2. Case Presentation

  • Describe the presenting problem in detail, including symptoms, duration,and impact on daily life.
  • Include client demographics like age and gender, information about social relationships, and mental health history.
  • Describe all physical, emotional, and/or sensory symptoms reported by the client.
  • Use patient quotes to describe the initial complaint verbatim. Follow with full-sentence summaries of relevant history details gathered, including key components that led to a working diagnosis.
  • Summarize clinical exam results, namely orthopedic/neurological tests, imaging, lab tests, etc. Note actual results rather than subjective conclusions. Provide images if clearly reproducible/anonymized.
  • Clearly state the working diagnosis or clinical impression before transitioning to management.

3. Management and Outcome

  • Indicate the total duration of care and number of treatments given over what timeframe. Use specific names/descriptions for any therapies/interventions applied.
  • Present the results of the intervention,including any quantitative or qualitative data collected.
  • For outcomes, utilize visual analog scales for pain, medication usage logs, etc., if possible. Include patient self-reports of improvement/worsening of symptoms. Note the reason for discharge/end of care.

4. Discussion

  • Analyze the case, exploring contributing factors, limitations of the study, and connections to existing research.
  • Analyze the effectiveness of the intervention,considering factors like participant adherence, limitations of the study, and potential alternative explanations for the results.
  • Identify any questions raised in the case analysis and relate insights to established theories and current research if applicable. Avoid definitive claims about physiological explanations.
  • Offer clinical implications, and suggest future research directions.

5. Additional Items

  • Thank specific assistants for writing support only. No patient acknowledgments.
  • References should directly support any key claims or quotes included.
  • Use tables/figures/images only if substantially informative. Include permissions and legends/explanatory notes.
  • Provides detailed (rich qualitative) information.
  • Provides insight for further research.
  • Permitting investigation of otherwise impractical (or unethical) situations.

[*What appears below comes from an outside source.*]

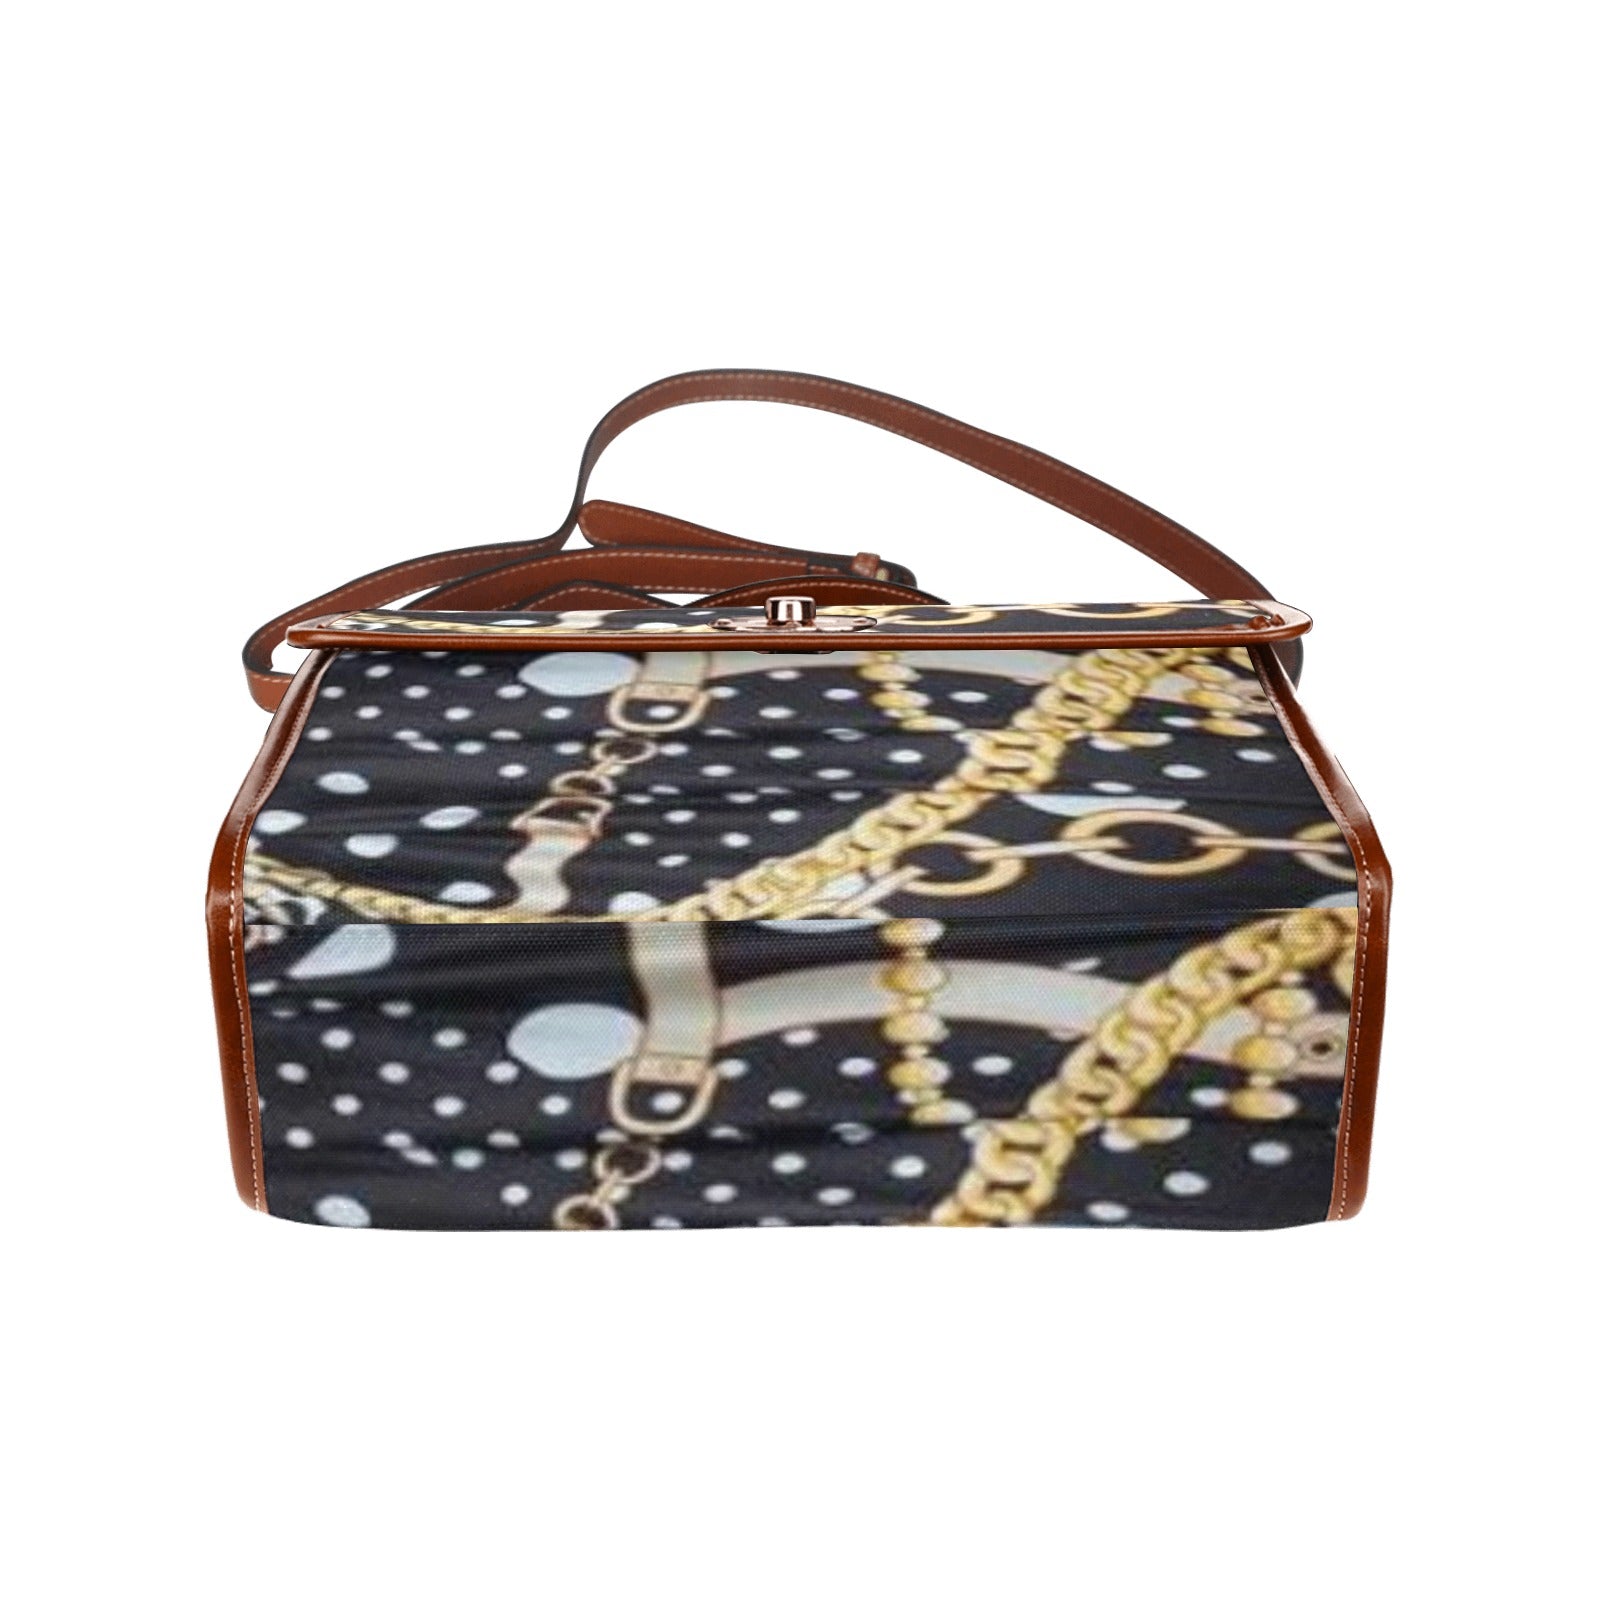 fz chain handbag all over print waterproof canvas bag(model1641)(brown strap)

Case studies allow a researcher to investigate a topic in far more detail than might be possible if they were trying to deal with a large number of research participants (nomothetic approach) with the aim of ‘averaging’.

Because of their in-depth, multi-sided approach, case studies often shed light on aspects of human thinking and behavior that would be unethical or impractical to study in other ways.

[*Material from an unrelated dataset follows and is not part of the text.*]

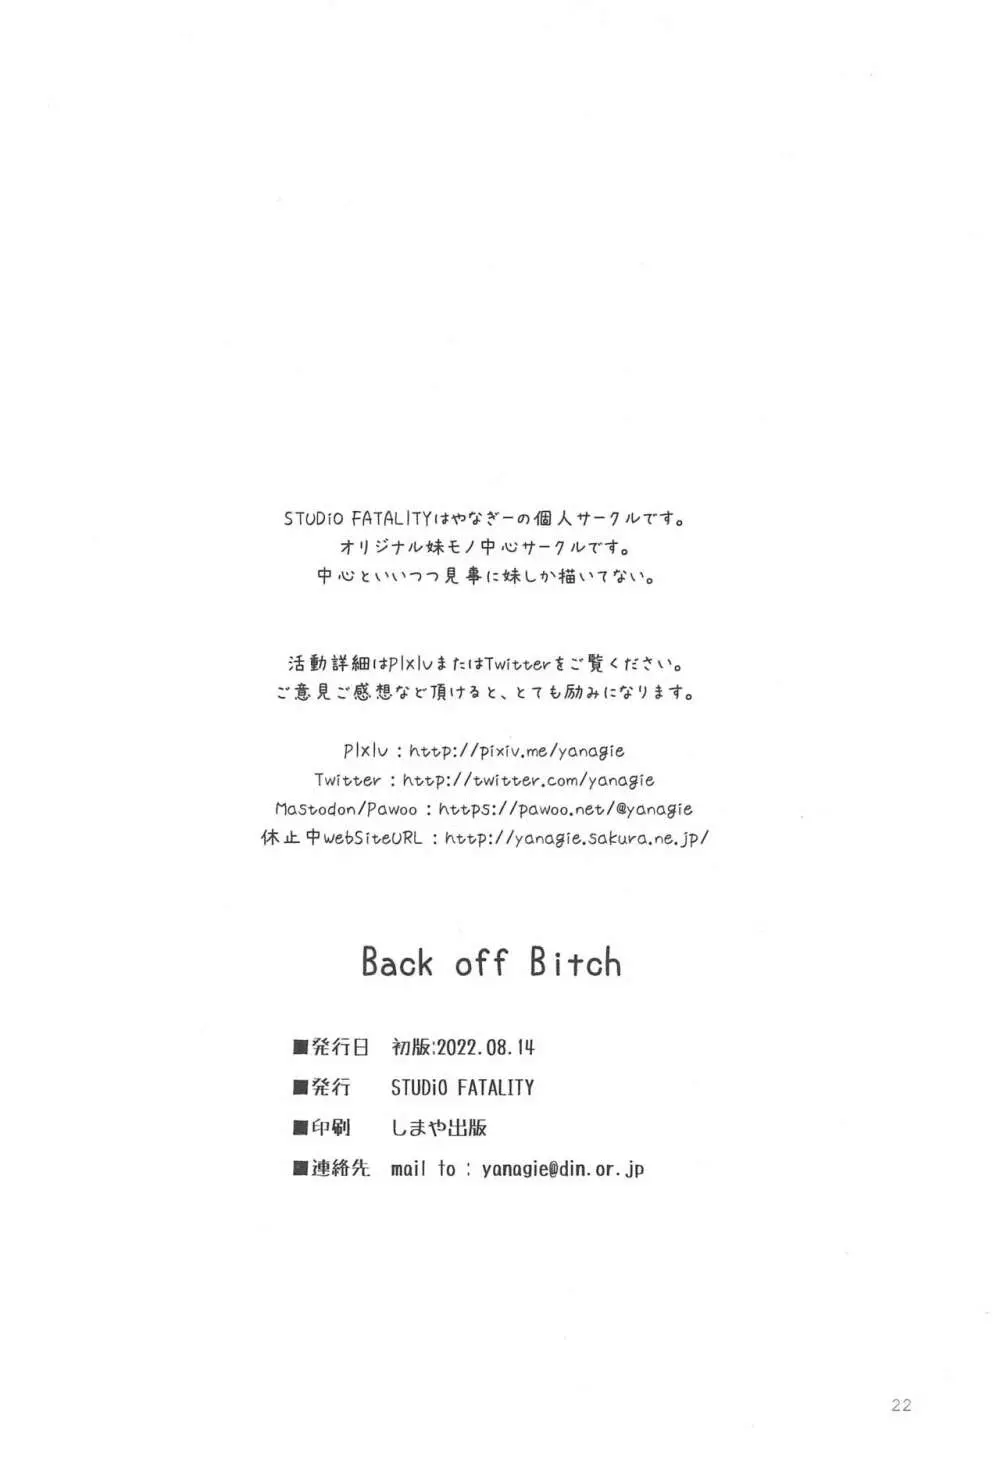 Back off Bitch 22ページ

Research that only looks into the measurable aspects of human behavior is not likely to give us insights into the subjective dimension of experience, which is important to psychoanalytic and humanistic psychologists.

Case studies are often used in exploratory research. They can help us generate new ideas (that might be tested by other methods). They are an important way of illustrating theories and can help show how different aspects of a person’s life are related to each other.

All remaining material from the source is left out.